Cette phrase, tirée d’un article publié dans la presse israélienne, résume à
elle seule l’ampleur du malaise moral et politique qui traverse la société
israélienne depuis le déclenchement de la guerre de Gaza. En refusant de
montrer la réalité des destructions, en réduisant le drame palestinien à des
statistiques, ou en se réfugiant derrière le langage sécuritaire, une grande
partie des médias israéliens ont participé à une entreprise de déni collectif.
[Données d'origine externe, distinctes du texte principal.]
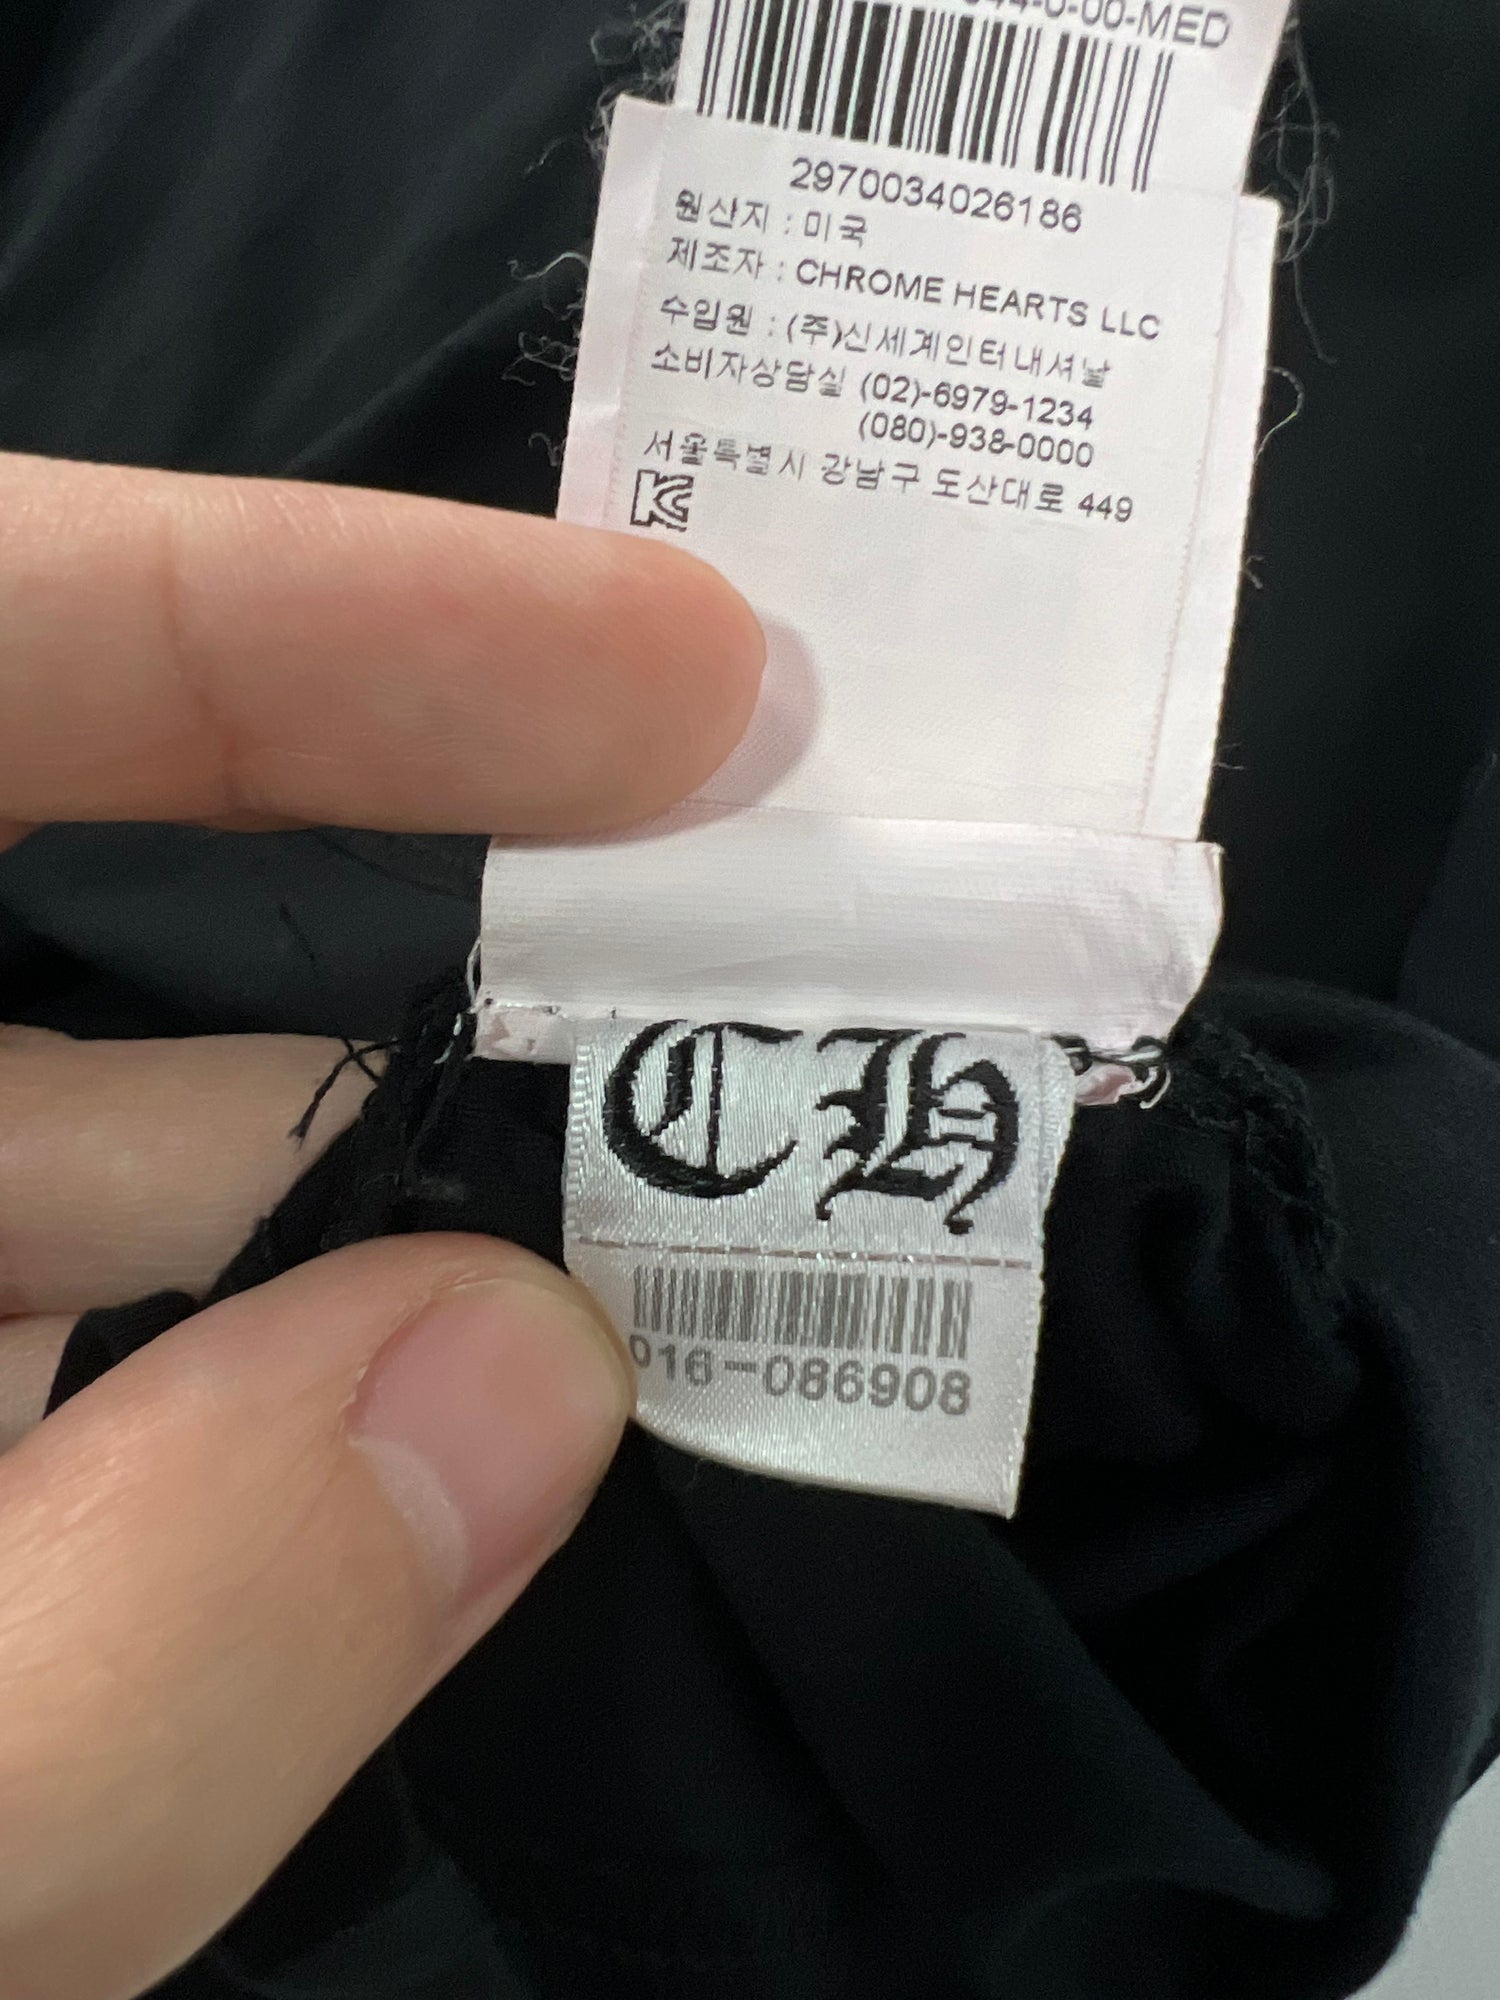 Chrome Hearts Archives - Legit Check By Ch
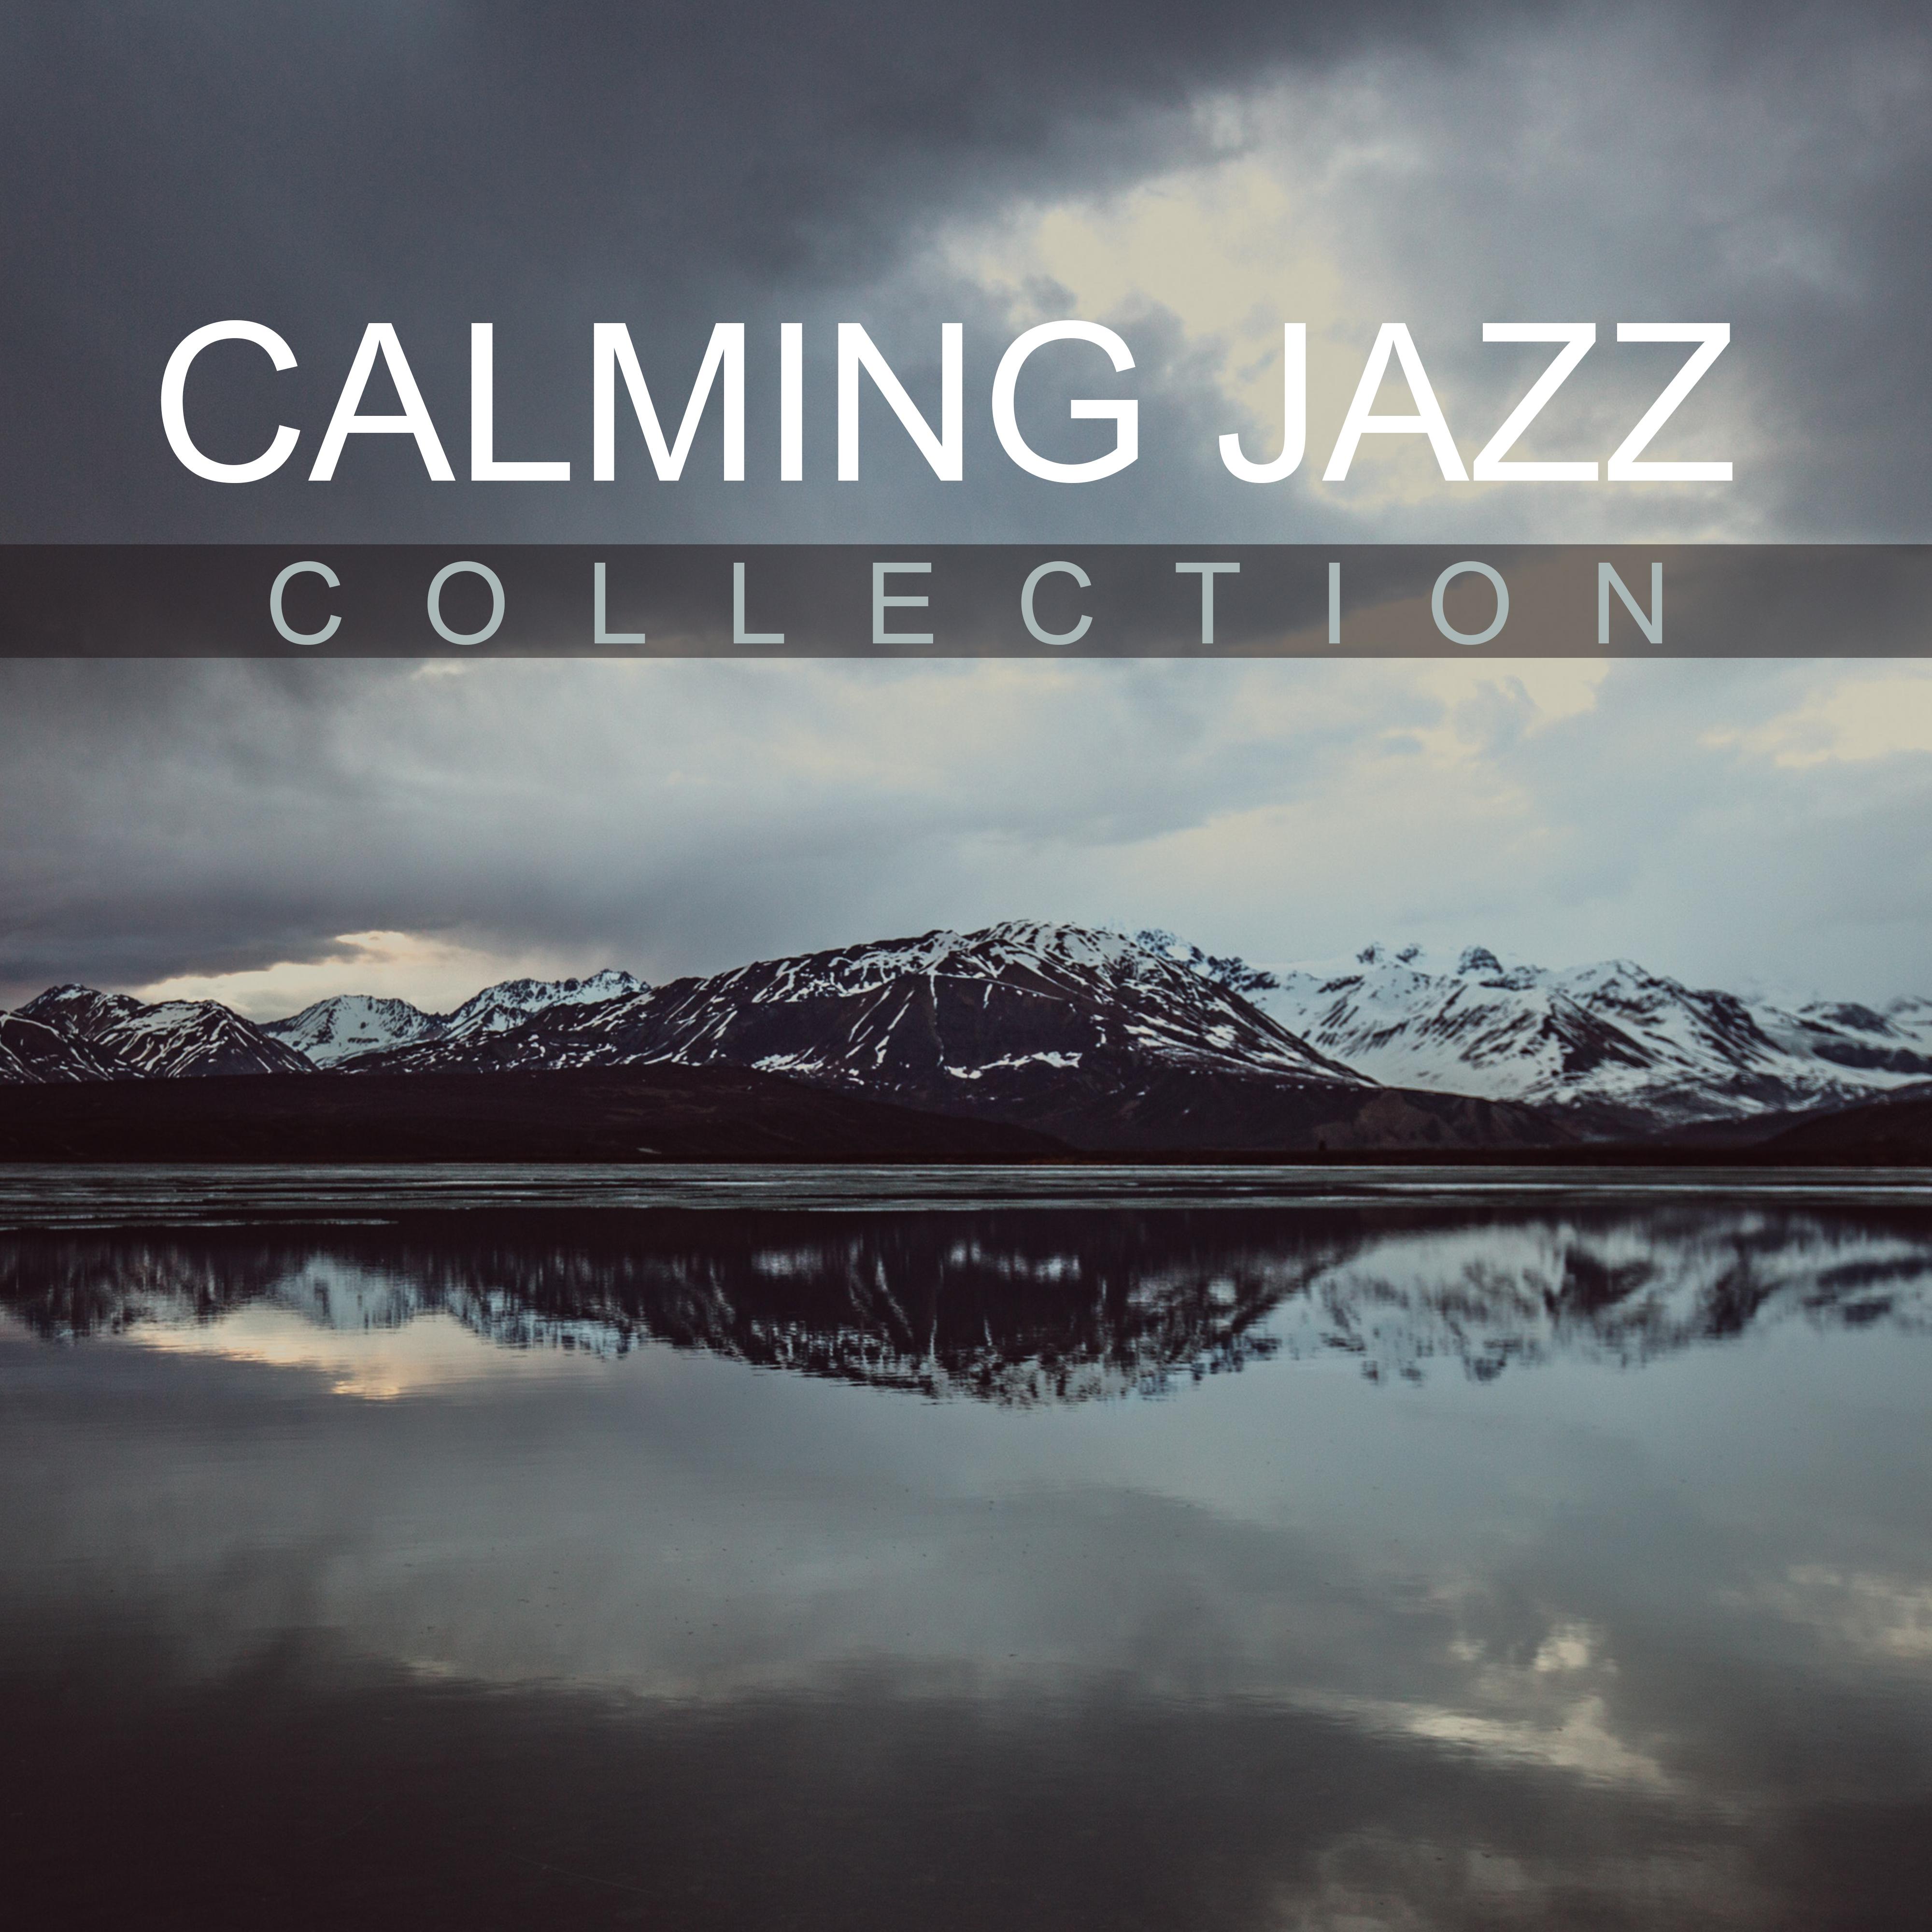 Calming Jazz Collection

Mais ce silence n’est pas seulement celui des journalistes : il est aussi celui
du public, de l’État et, plus largement, de l’Occident tout entier.
Un silence
médiatique structurel : la parole verrouillée au nom de la sécurité
Depuis le 7
octobre, la presse israélienne opère dans un contexte de guerre où la censure
militaire encadre strictement toute information liée aux opérations à Gaza. Les
autorités invoquent des impératifs de sécurité nationale, mais ce cadre est
devenu, de facto, un instrument de contrôle narratif. Les rédactions se
conforment à une vision unique du conflit : Israël comme victime, le Hamas
comme incarnation du mal absolu, et Gaza comme un théâtre d’opérations dépourvu
d’êtres humains.
Cette ligne
éditoriale dominante ne relève pas uniquement d’une peur institutionnelle, mais
d’une adhésion idéologique. De nombreux médias, notamment audiovisuels,
se sont transformés en caisses de résonance du discours gouvernemental,
réduisant les débats à des considérations militaires et occultant les
dimensions politiques, humanitaires et juridiques du conflit. Les rares voix
dissidentes Haaretz, +972 Magazine, ou encore les ONG comme B’Tselem
et Gisha sont marginalisées,
taxées d’anti-patriotisme ou accusées de trahir la nation en temps de guerre.
Ainsi, le
silence médiatique n’est pas simplement le fruit d’une censure imposée, mais
d’un consensus implicite : ne pas troubler la conscience nationale, ne
pas fissurer le récit collectif.
Le déni du
public : un silence partagé et volontaire
Pourtant,
comme le souligne l’article, « le public n’a pas voulu savoir, ou alors il sait
et s’en fiche ». Cette phrase révèle une vérité plus dérangeante encore : le
silence des médias répond à la demande d’un public qui ne veut pas voir.
Dans un contexte d’insécurité et de peur, l’information devient une
consommation émotionnelle ; elle ne doit pas déranger, mais rassurer.
Cette
dynamique n’est pas propre à Israël. Dans toute société en guerre, la
dissonance cognitive pousse les citoyens à refuser les vérités qui ébranlent
leur identité nationale. Mais ici, la situation est plus profonde : le silence
devient une forme de participation symbolique au conflit. En acceptant
de ne pas savoir, en choisissant de croire que « tout est sous contrôle
», le public israélien protège son propre confort moral.
Il ne s’agit
donc pas d’un peuple manipulé, mais d’un peuple qui collabore à son propre
aveuglement. C’est pourquoi, comme le rappelle Haaretz, aucun citoyen
israélien ne peut honnêtement affirmer : « Nous ne savions pas. »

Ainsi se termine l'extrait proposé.